When we think of road-trips in fiction, it’s this knowledge of others and of oneself that often comes to mind, made necessary by the need to keep moving forward. The people you meet on the road represent a small microcosm of a larger society. The Walking Dead (whatever its medium: comics, Telltale, series) is a proud example of this, with this continuous road for years, from refuge to refuge, where we come across the worst and the best of humanity, like The Last of Us. Dmitri Gloukhovski’s novel Metro 2033 comes to mind. While young Artyom’s road trip takes him underground, from metro station to metro station, each is an opportunity to encounter a different way of life: transit camps, a neo-Nazi station, a village nostalgic for Stalinism and Communism… The road can also be synonymous with happy and enriching encounters, with a mentality that evolves in a positive way (as demonstrated by the feel-good film Green Book), or the path towards the last ruins of an annihilated humanity (the cannibals in Cormac McCarthy’s The Road ).

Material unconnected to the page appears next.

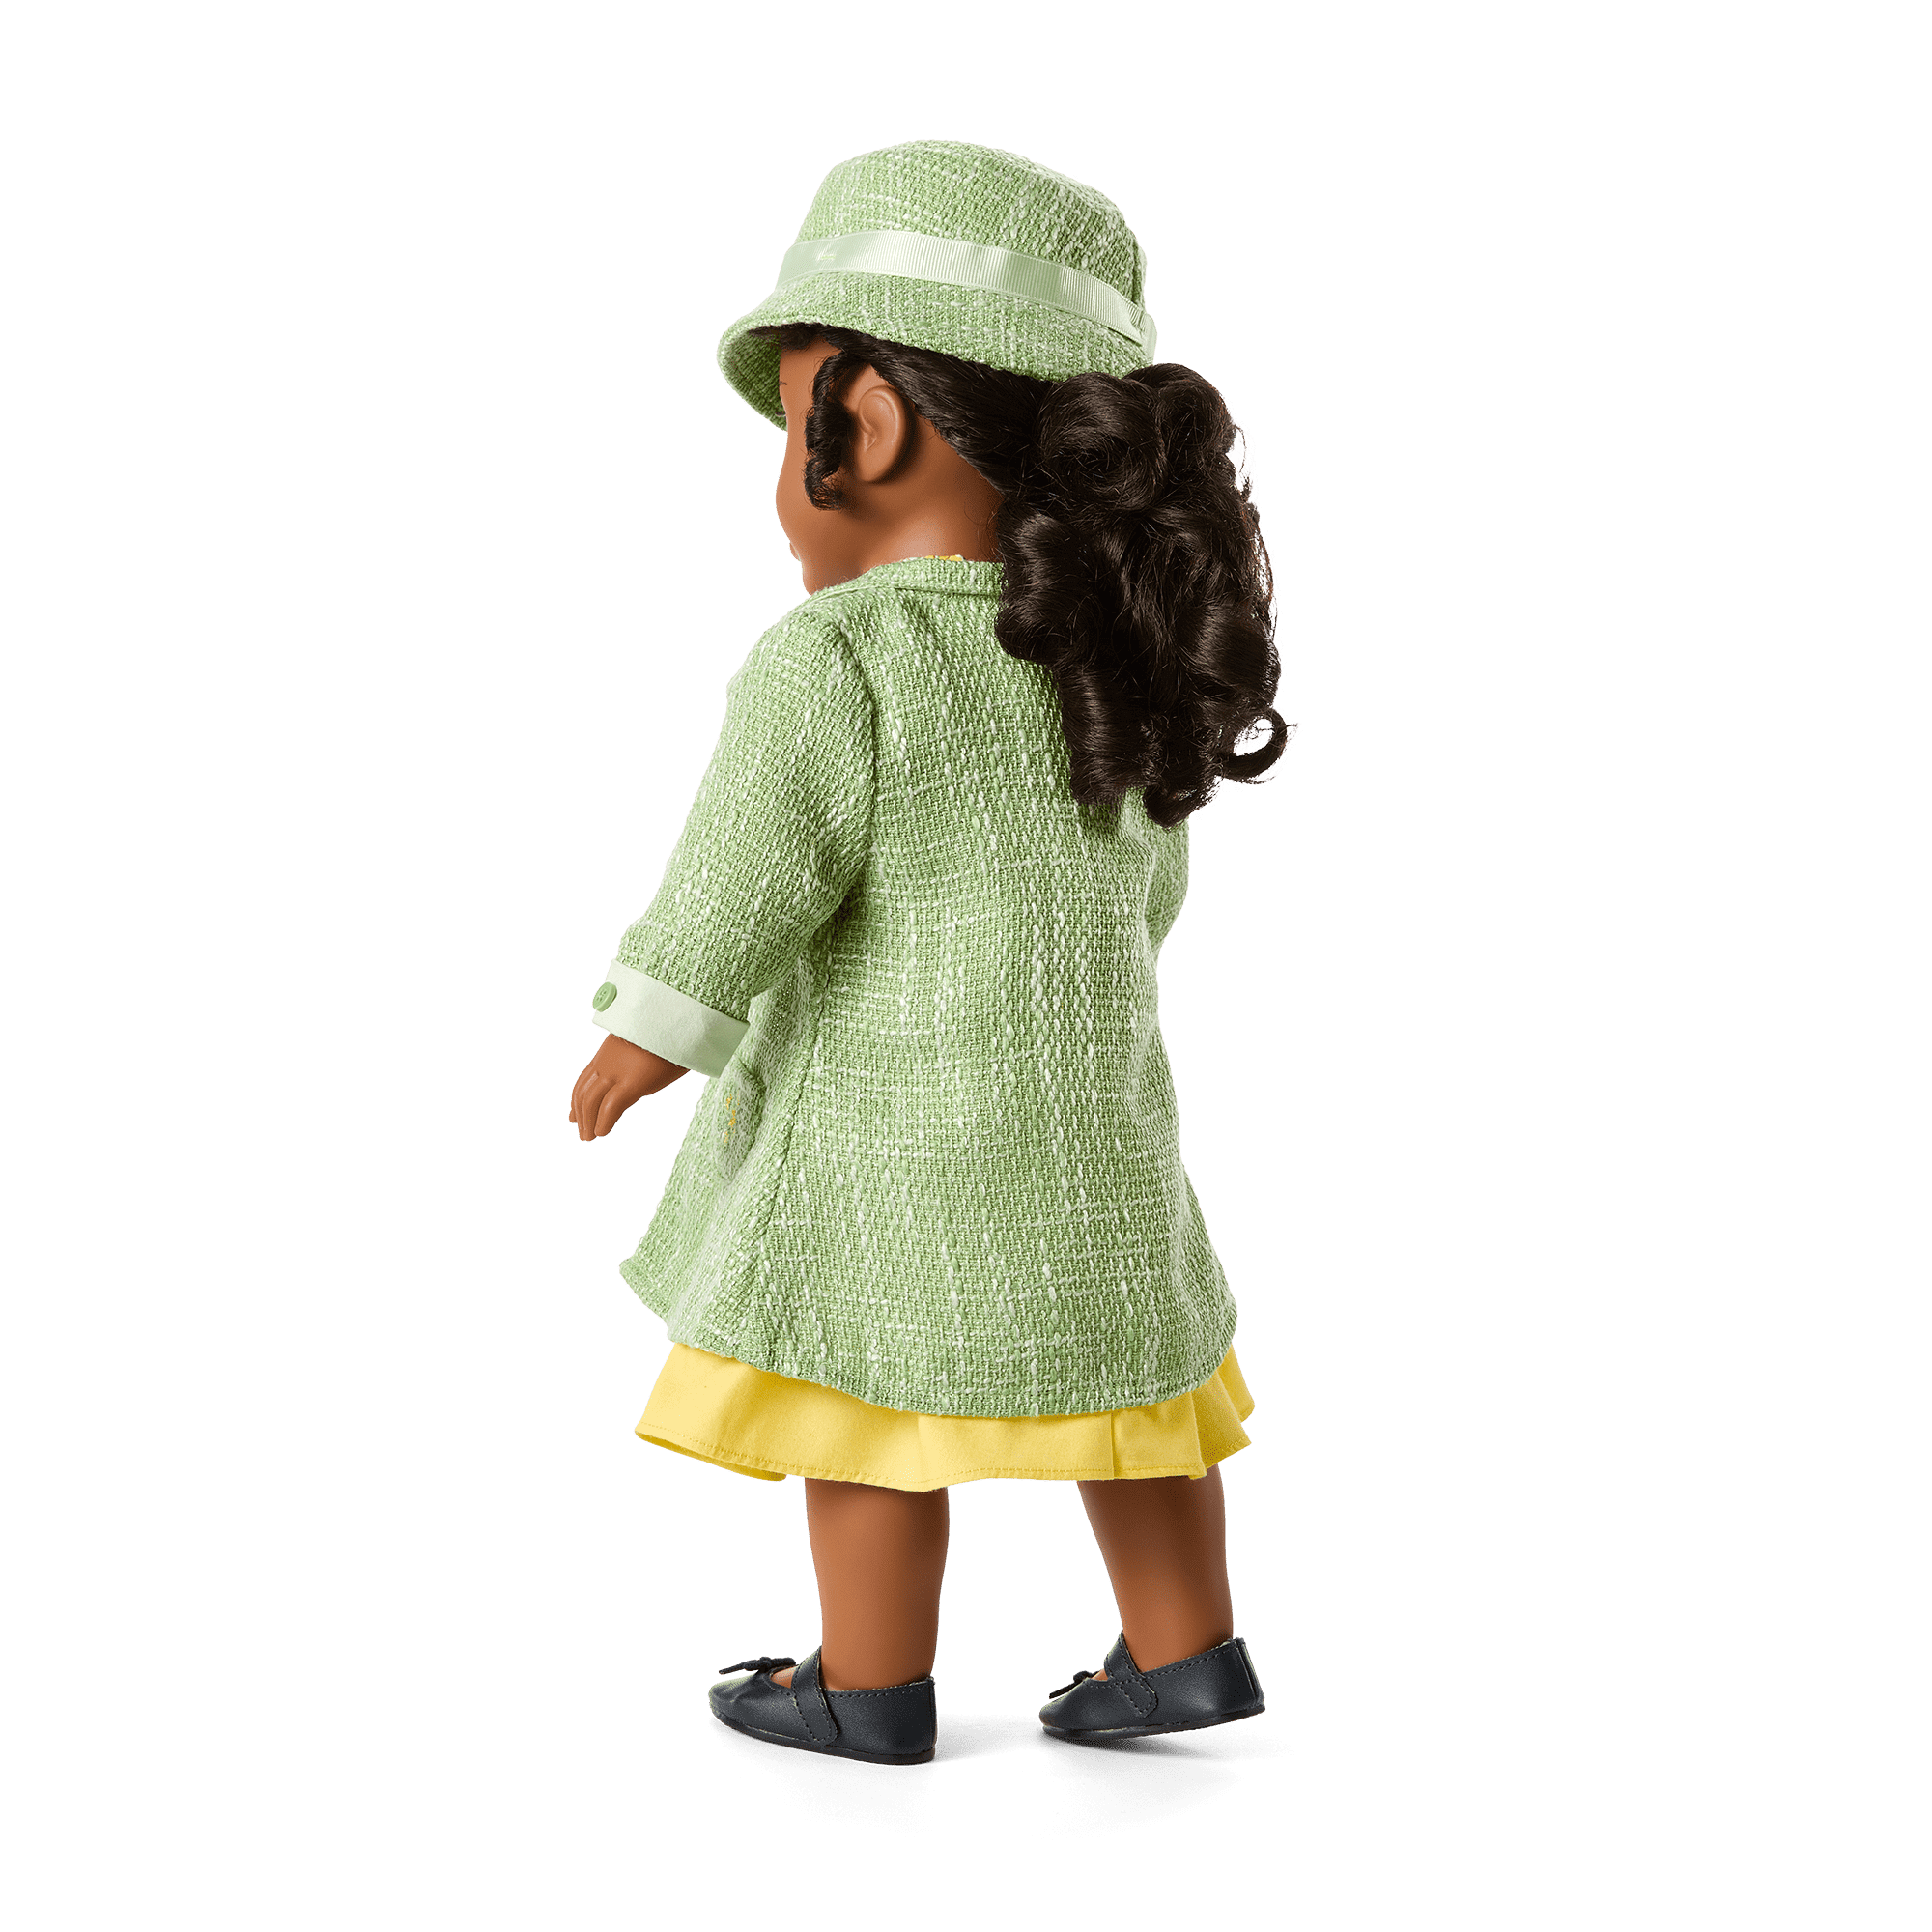 American Girl® Disney Princess Tiana Work Dress & Accessories for 18-inch Dolls
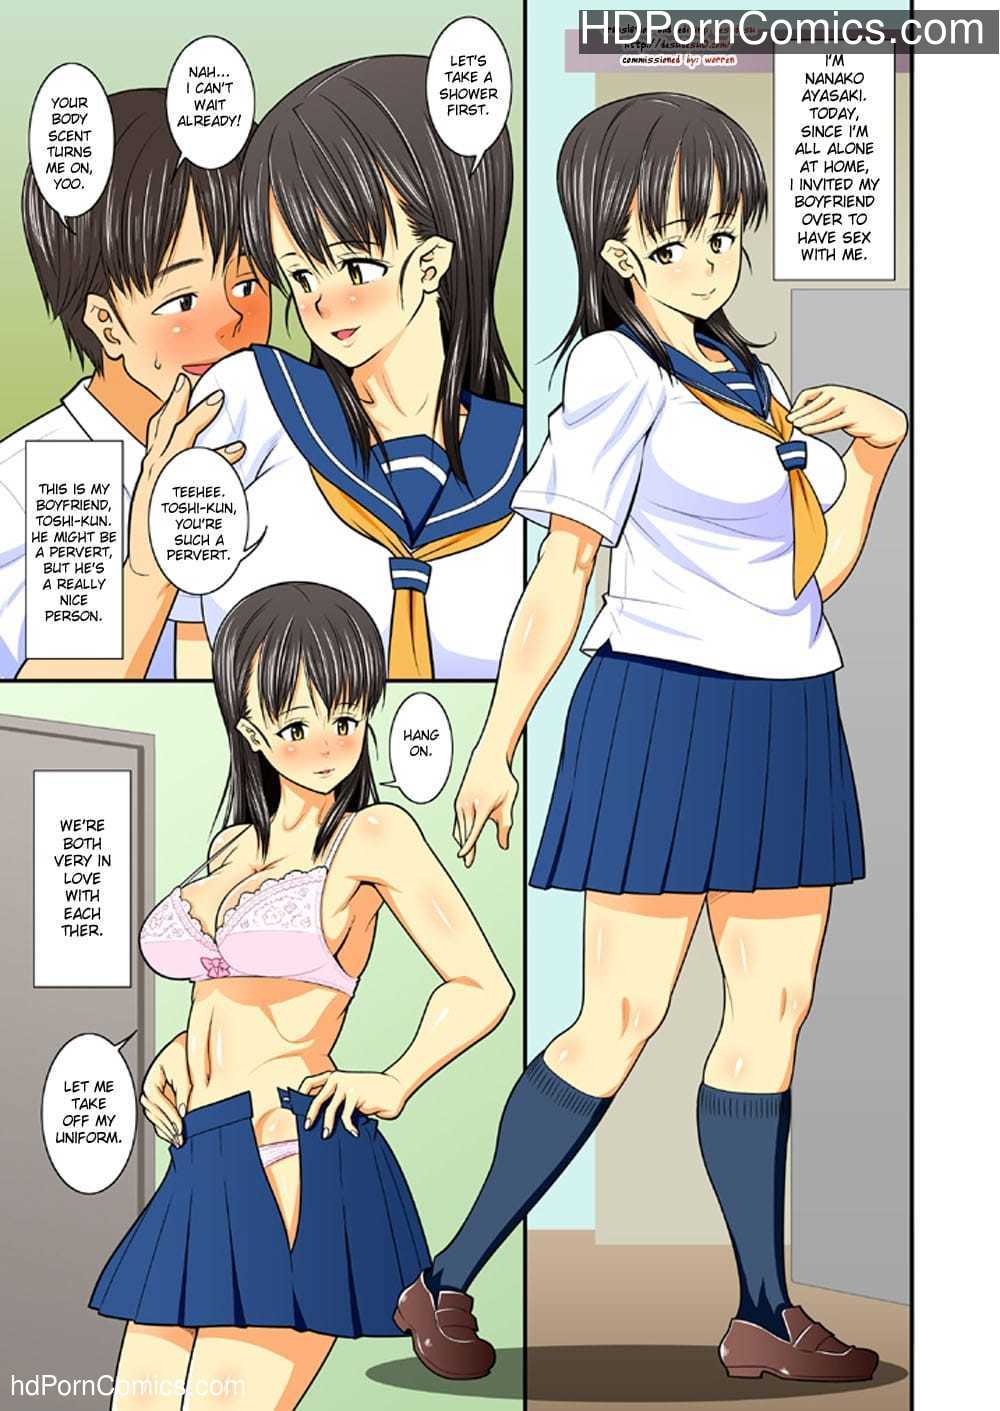 Cartoon Preggo Nude - Nanaki Inoue- Pregnant All The Time free Cartoon Porn Comic - HD Porn Comics

The road-trip would not be what it is without the passengers, drivers and travellers also encountered along the way. Otherwise it would be nothing more than an introspective look at oneself and nature, while the encounters also allow the hero or heroine to evolve in their vision of the world, to undergo their own evolution in their initiatory journey. With this in mind, it’s not so surprising to see the fashion for road-trip novels, in which characters who are sometimes at odds with each other set off on a journey or cross paths, and come to understand each other better. With its hazardous adventures and the feeling of leaving one’s path to the mercy of fate and encounters, the road-trip evokes the unknown and the change it provokes, in an urban world where chance and adventure have far less place than before.